### INFORMATION PROVIDED
>>
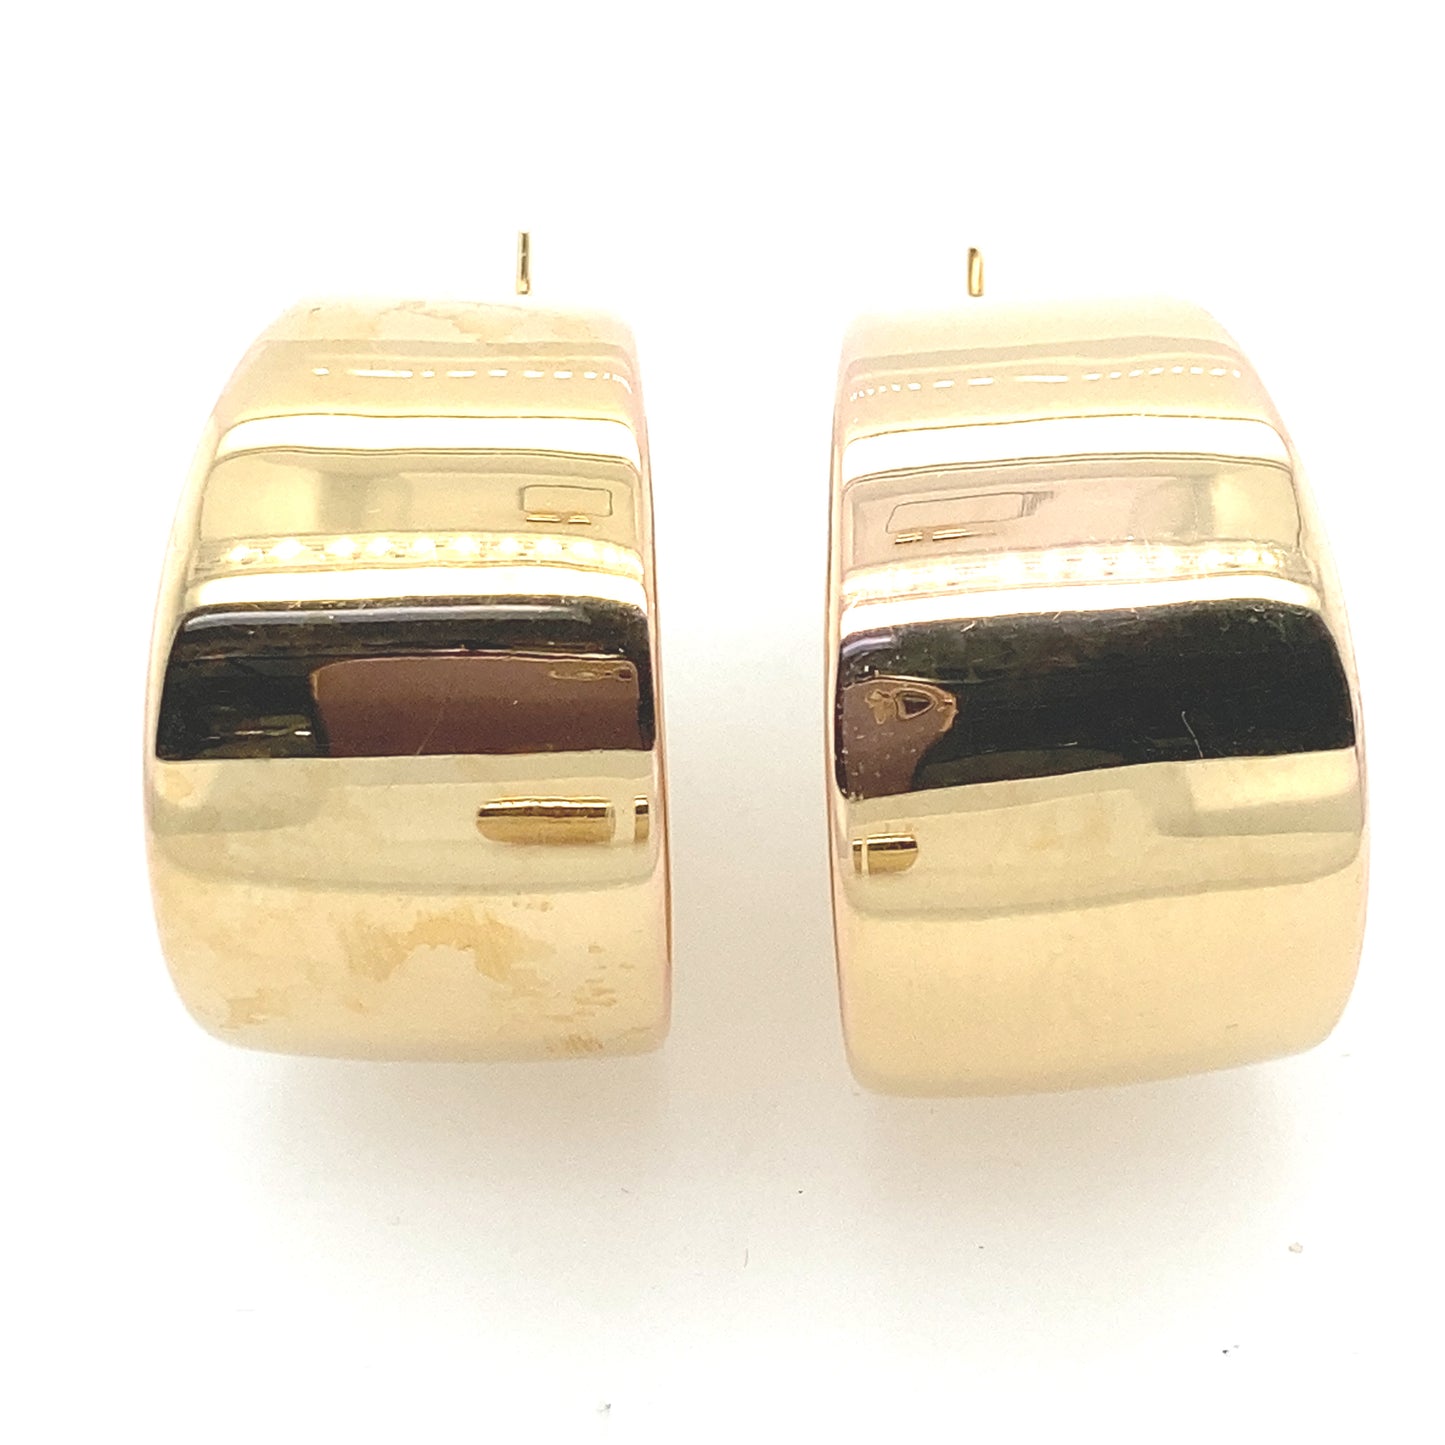 14 k yellow gold hoop earring from Italy.
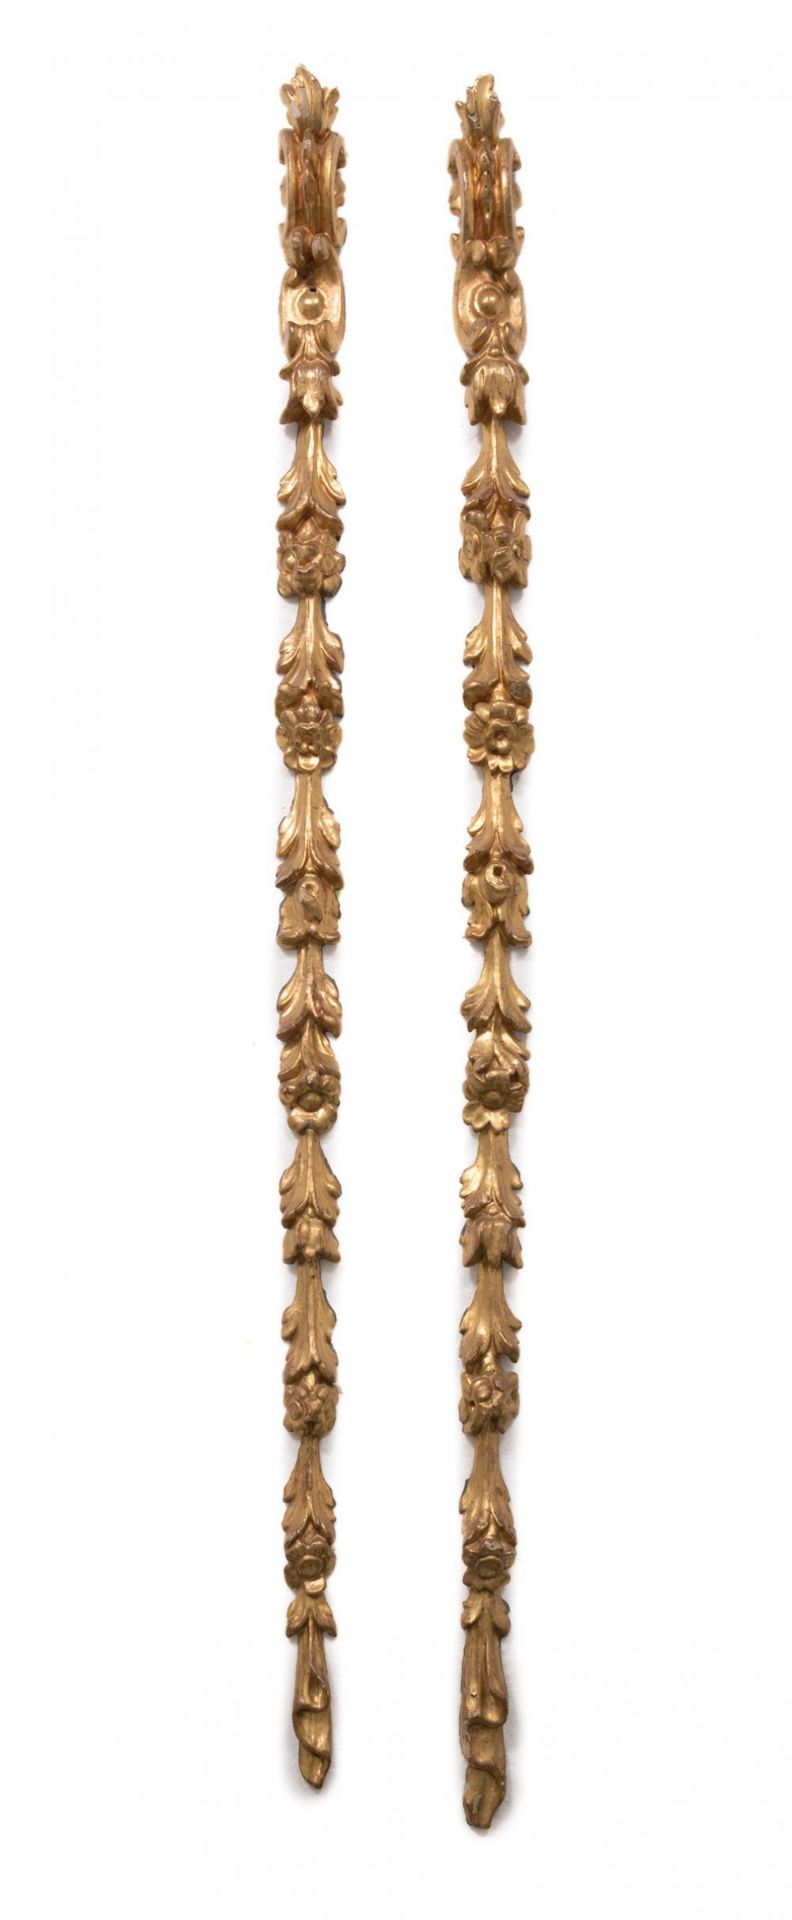 Pair of garlands from a Spanish altarpiece, end of XVII century.Carved and gilded wood.Measurements:
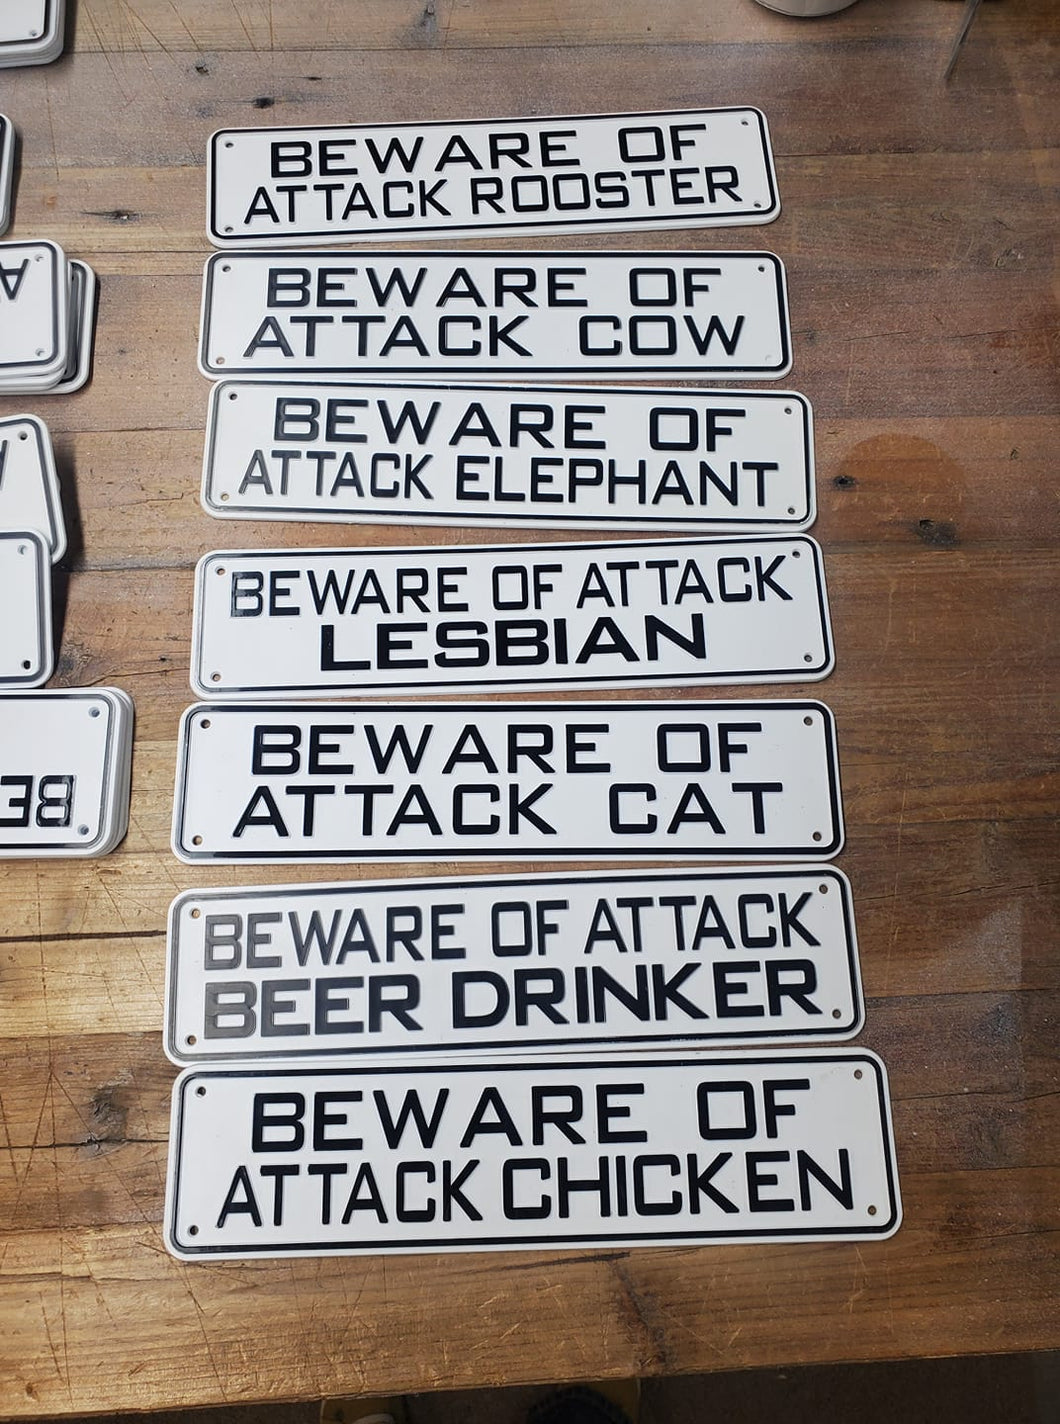 7 BEWARE OF ATTACK SIGNS ON A WOODEN TABLE. THEY ARE BLACK WORDS ON 12 INCHES LONG BY 3” HIGH WHITE METAL. SOME SAYINGS ARE ‘BEWARE OF ATTACK ROOSTER, COW, ELEPHANT, CAT, CHICKEN, MOSQUITO, MUSICIAN, GARDNER,NO PEEING,KEEP OUT
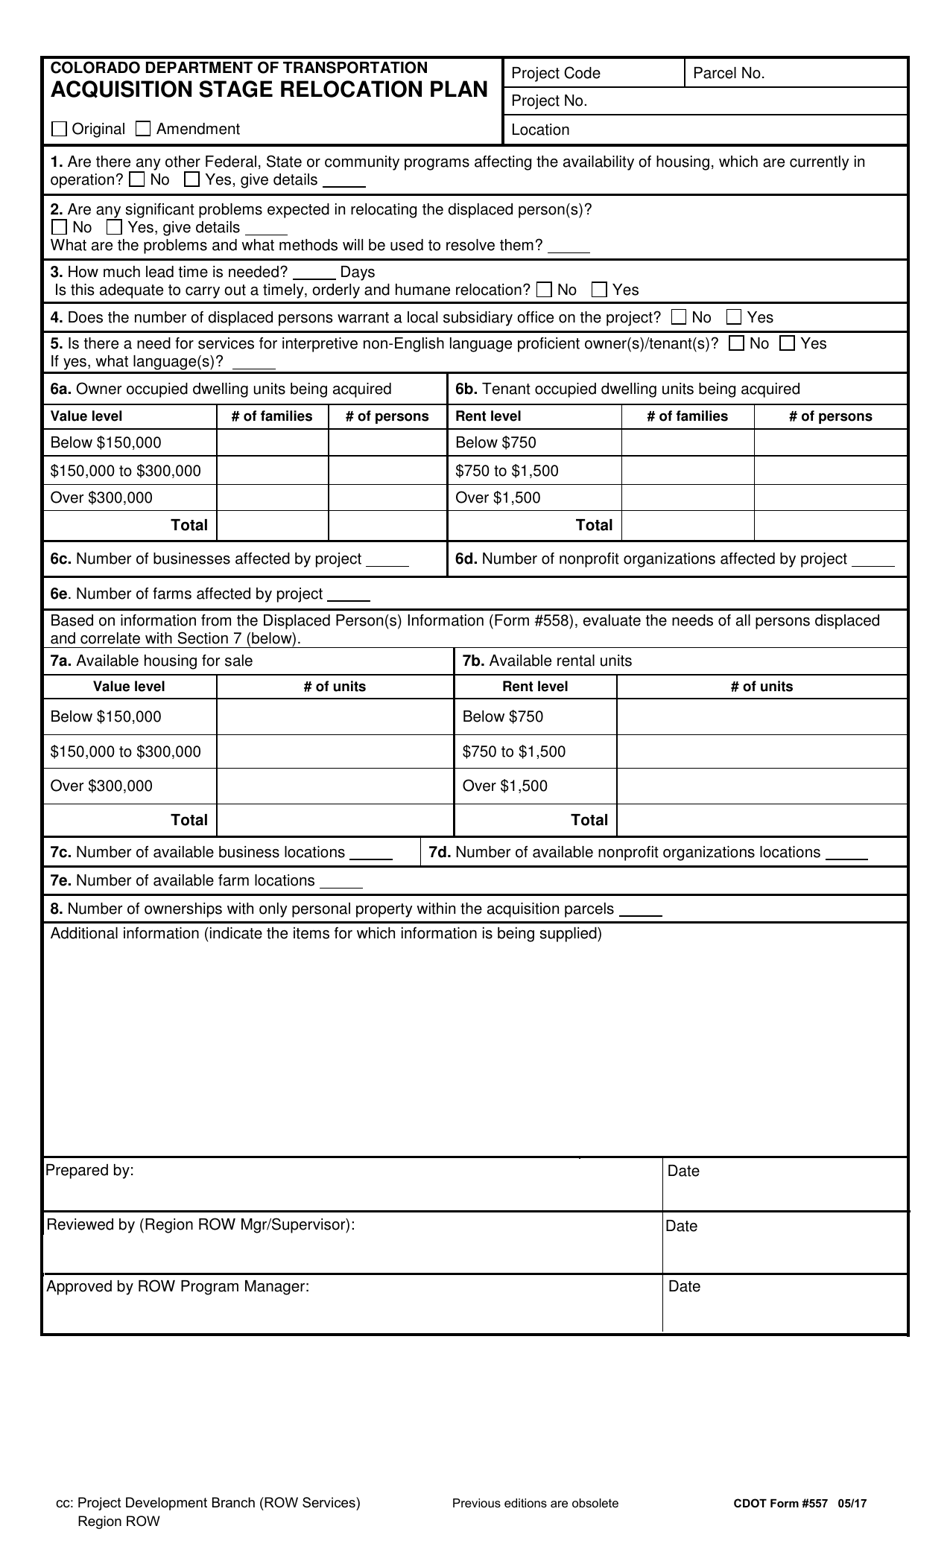 CDOT Form 557 Acquisition Stage Relocation Plan - Colorado, Page 1
<<
From the data above, write out everything exactly except the pictures.

### EXERCISE SOLUTION
 14 k yellow gold hoop earring from Italy.
 Pair of garlands from a Spanish altarpiece, end of XVII century.Carved and gilded wood.Measurements:
 7 BEWARE OF ATTACK SIGNS ON A WOODEN TABLE. THEY ARE BLACK WORDS ON 12 INCHES LONG BY 3” HIGH WHITE METAL. SOME SAYINGS ARE ‘BEWARE OF ATTACK ROOSTER, COW, ELEPHANT, CAT, CHICKEN, MOSQUITO, MUSICIAN, GARDNER,NO PEEING,KEEP OUT
 CDOT Form 557 Acquisition Stage Relocation Plan - Colorado, Page 1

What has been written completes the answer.